NASA Awaits Word From Mars Lander

By MATTHEW FORDAHL

.c The Associated Press

PASADENA, Calif. (Dec. 3, 99) - With the minutes and hours ticking by, NASA scientists nervously awaited word from the Mars Polar Lander after it failed to promptly radio home Friday to confirm whether it had safely landed on the surface of the Red Planet.

The problem with the $165 million spacecraft could be as simple as a mispointed antenna or as serious as a crash landing or a catastrophic failure during the descent through the Martian atmosphere.

Losing it would be devastating for NASA. Just 10 weeks ago, the Polar Lander's sibling spacecraft, the $125 million Mars Climate Orbiter, burned up in the planet's atmosphere because of engineers' embarrassing failure to convert navigation data into metric units.

The Polar Lander was at the end of an 11-month journey to Mars. It was designed to cut through Mars' atmosphere at precisely the right angle, separate from its heat shield, deploy a parachute and fire a dozen thrusters before setting down.

The spacecraft was programmed to slow from 15,400 mph to 5 mph just before touchdown, which was to have been at 12:01 p.m. PST. If everything had worked perfectly, the signal confirming touchdown would have arrived back at Earth at 12:39 p.m.

Instead, scientists and engineers at NASA's Jet Propulsion Laboratory stood around or sat looking at computer screens as crowds of other officials looked on worriedly.

''This is not entirely unexpected,'' said Richard Cook, operations project manager. ''Obviously we're a little disappointed not to see a signal at 12:39. But we were prepared for this, and we're going to go ahead and execute our plan as we described it.''

The Polar Lander was equipped with cameras, a microphone and a robotic arm with a trenching tool for a 90-day mission. The spacecraft was to capture the sounds of Mars, analyze the atmosphere and gather samples of the frosty soil, searching for signs of water and other conditions necessary for life.

One possible explanation for the delay was that the Polar Lander's computer slipped into a protective safe mode immediately after landing, in which case it would postpone its first signal to Earth, 157 million miles away.

Another scenario was that the probe lost its bearings on the way down and could not correctly point its antenna.

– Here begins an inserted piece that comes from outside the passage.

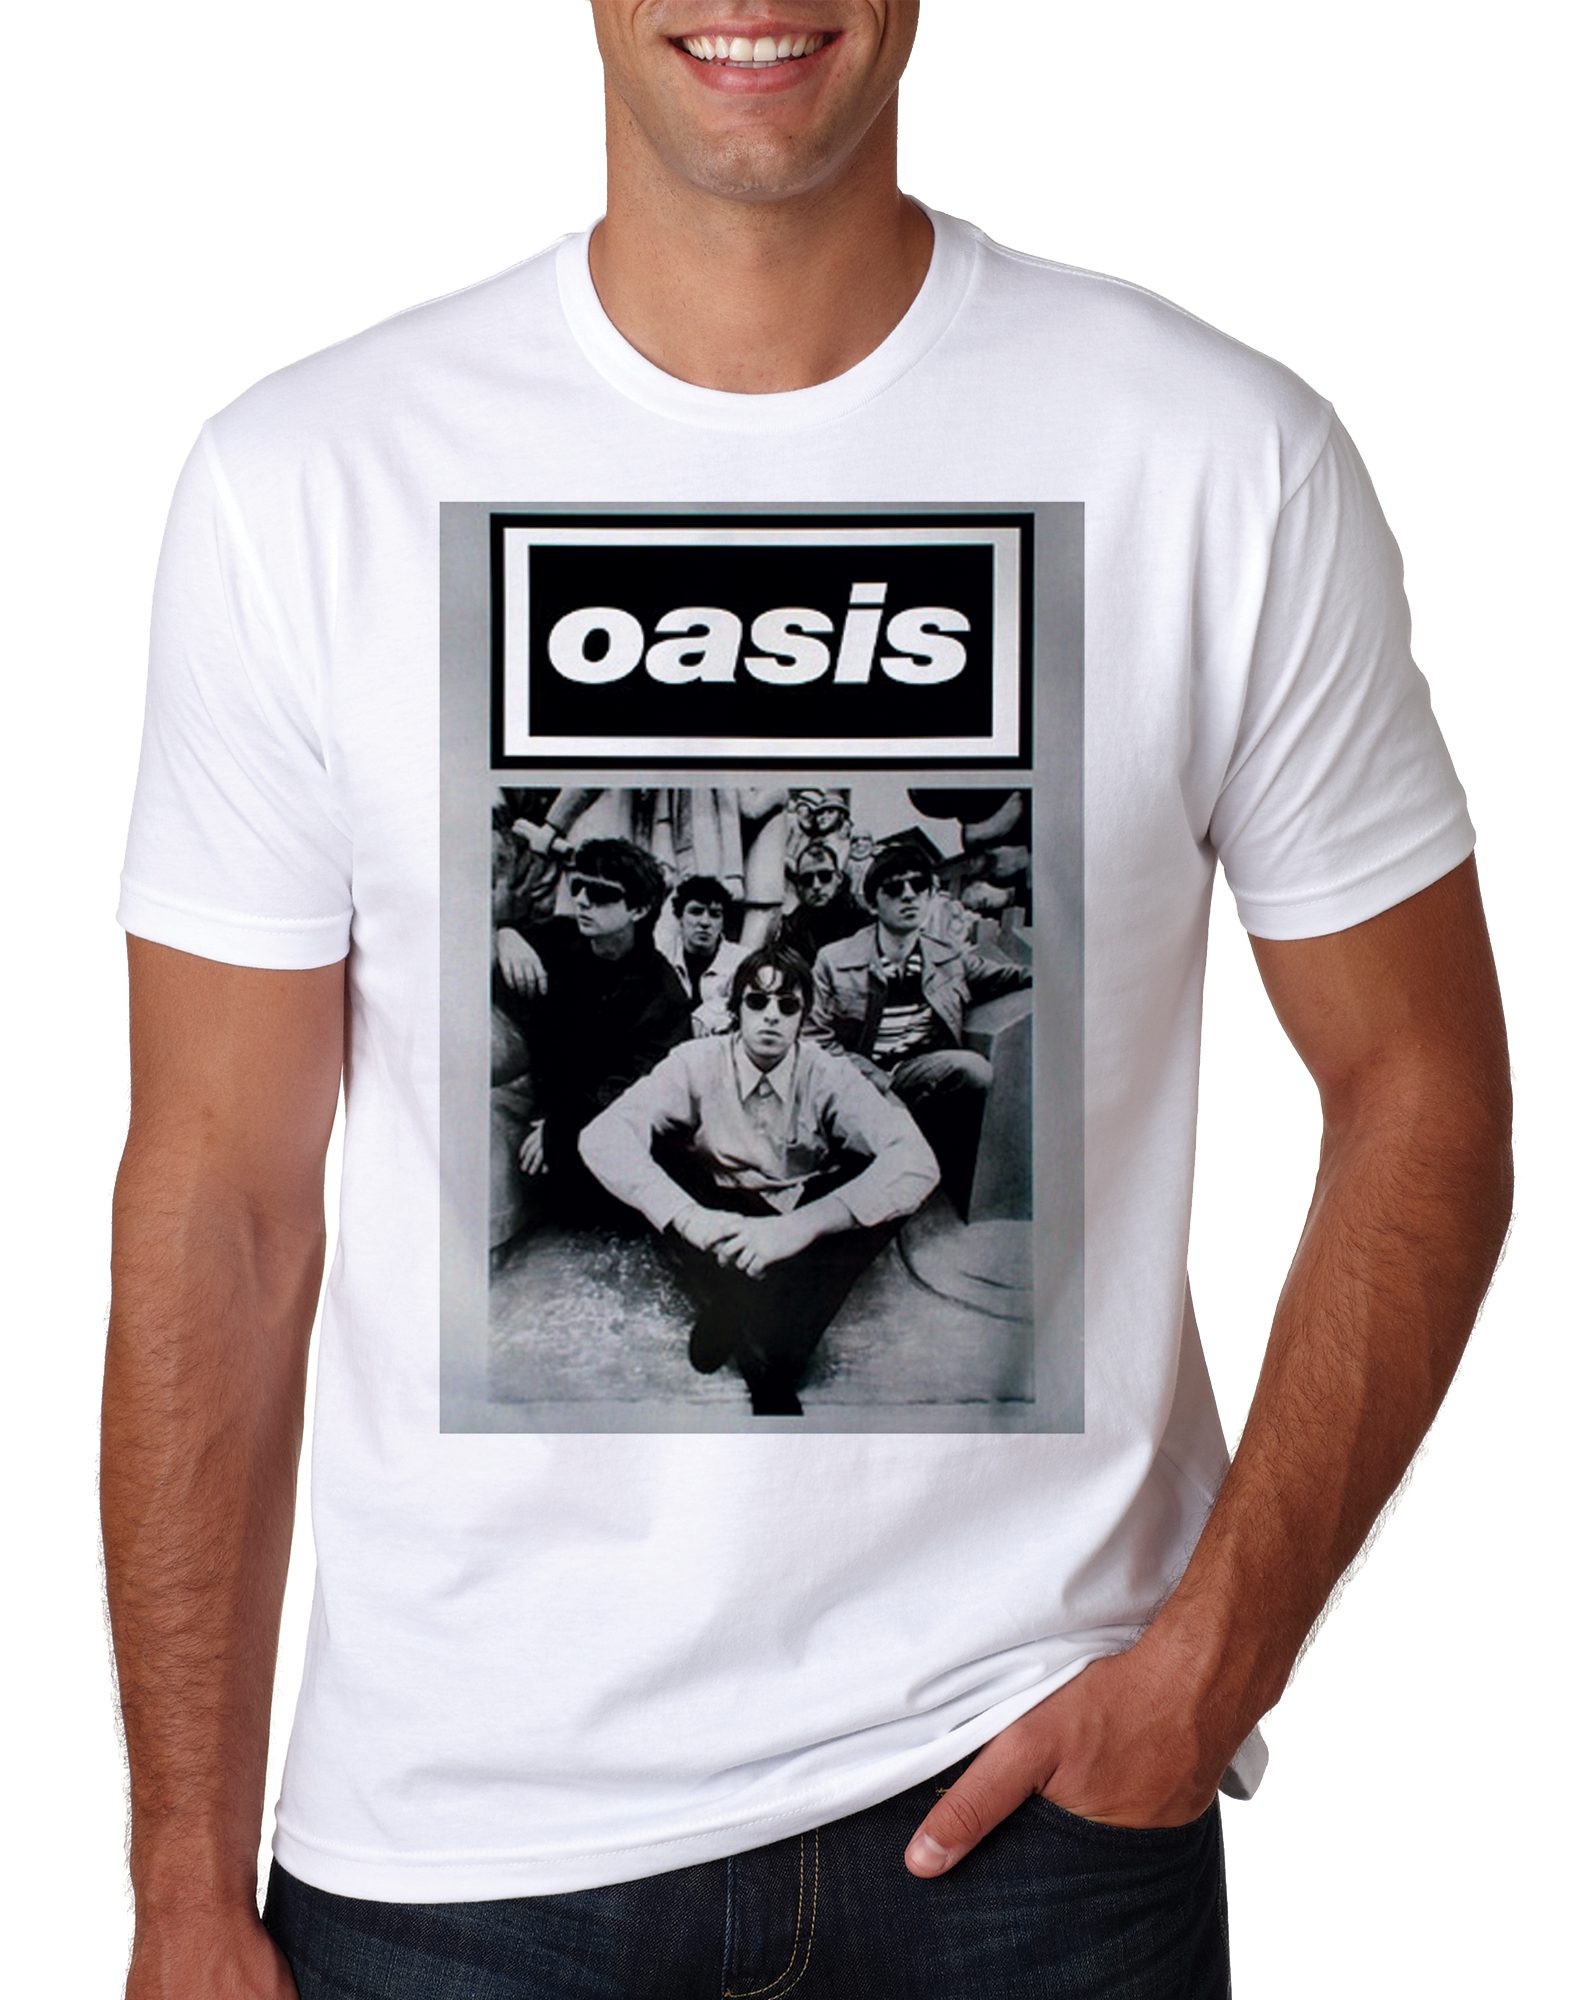 Intervenere Snuble justering Oasis T Shirt Liam Gallagher Supersonic Retro Band - Lucky t-shirt Shop
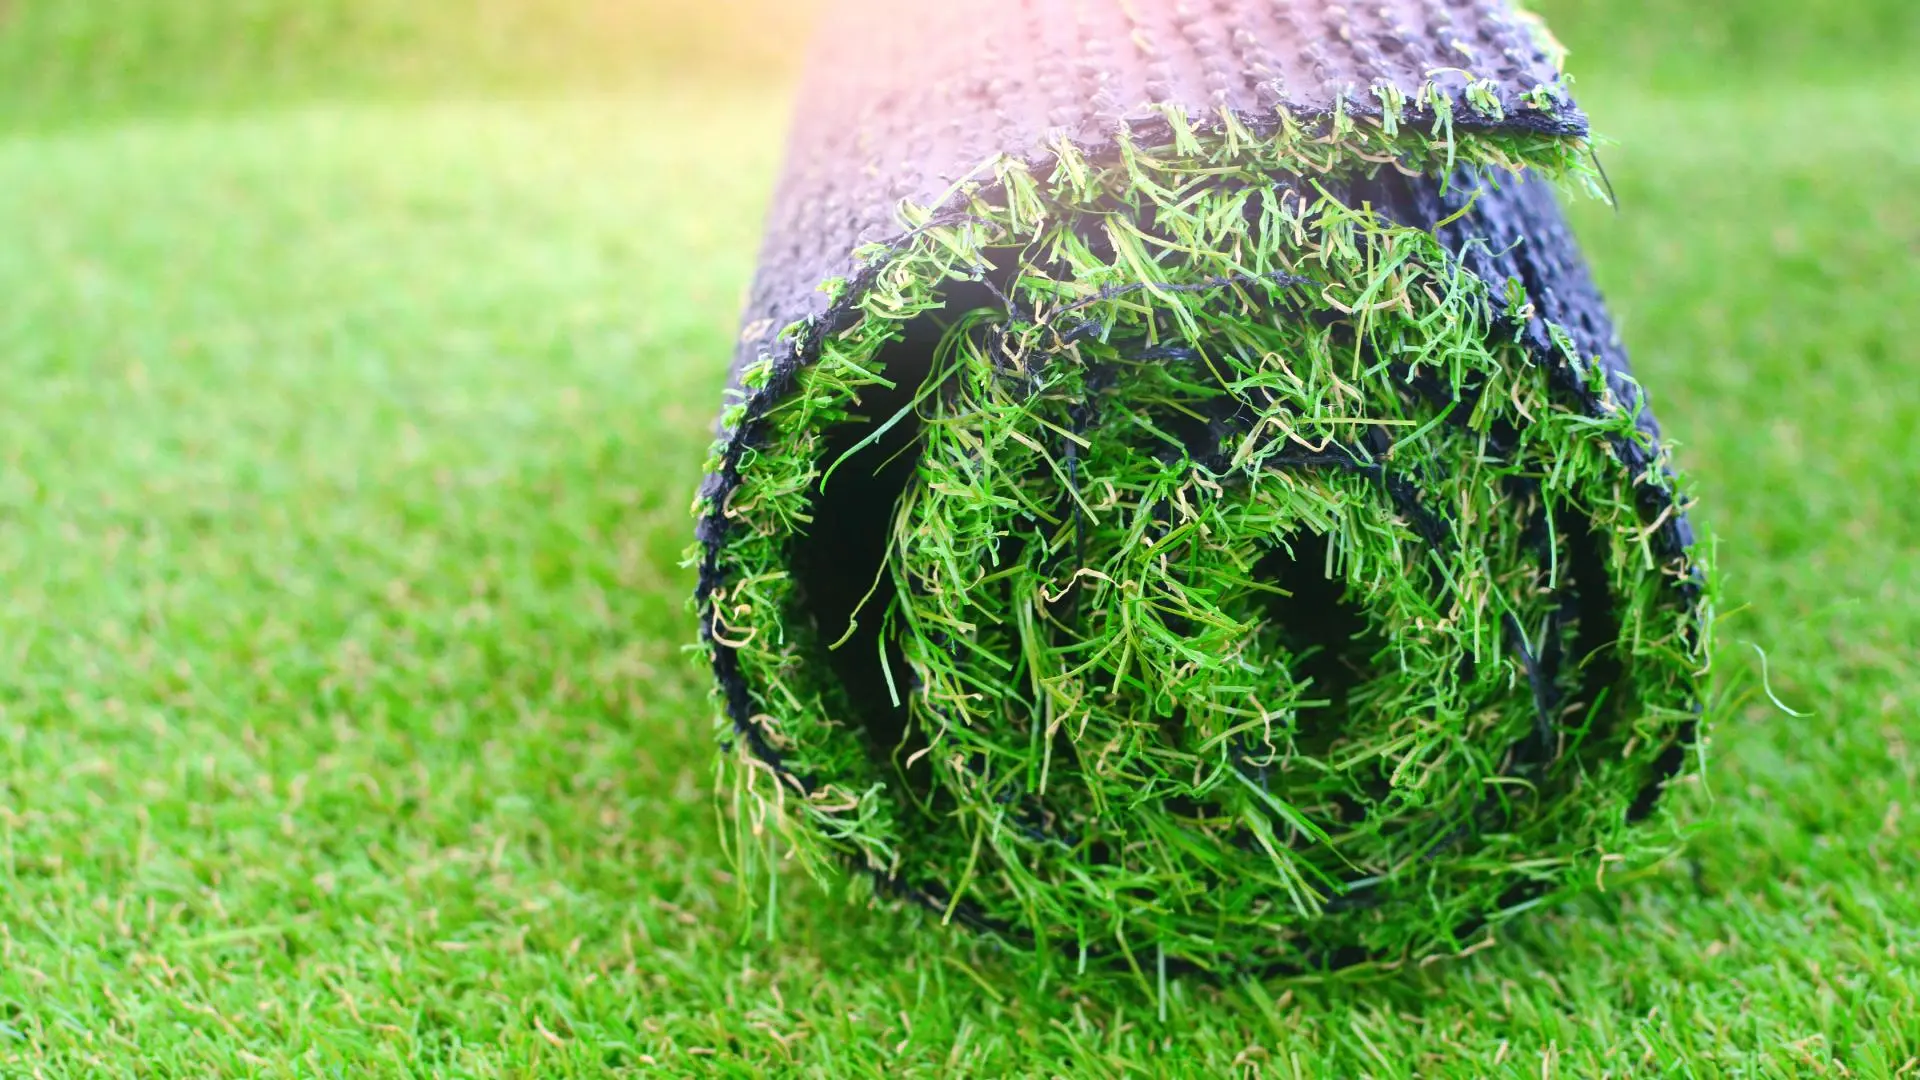 Get Inspired - 5 Great Places to Install Artificial Turf

The Polar Lander, 3 1/2 feet tall and 2 feet wide, was to set down in a never-explored region close to the south pole, where the average temperature is expected to be minus-73. Little is known about the region, especially the consistency of the soil.

''It could be the stuff we're sitting on could be quite soft - it could be like baby powder,'' said David Crisp, one of the mission's scientists. ''It could very well be that the lander landed and just broke through the crust at the top and resettled.''

Controllers planned to send up commands Friday night to try to get a response from the spacecraft. Because of the motion of the planets, the spacecraft can be contacted from Earth only during certain periods.

''Entry, descent and landing are very complex, and a lot of things have to go correctly,'' Cook said. ''That's just part of the risk associated with the mission.''

About 2,000 space fans at Planetfest '99 in downtown Pasadena waited anxiously Friday.

''I'm disappointed,'' said Matthew McCabe, 19, of Big Bear Lake, Calif. ''But NASA has proven over and over that we should have faith in them.''

Two microprobes called Deep Space 2 also rode to Mars with the lander and were to slam into the planet at 400 mph. But no signals from those probes were expected until late Friday at the earliest.

If Friday's landings were successful, the Polar Lander and Deep Space 2 would join Mars Pathfinder and the two Viking spacecraft as the only spacecraft to explore the surface of the Red Planet.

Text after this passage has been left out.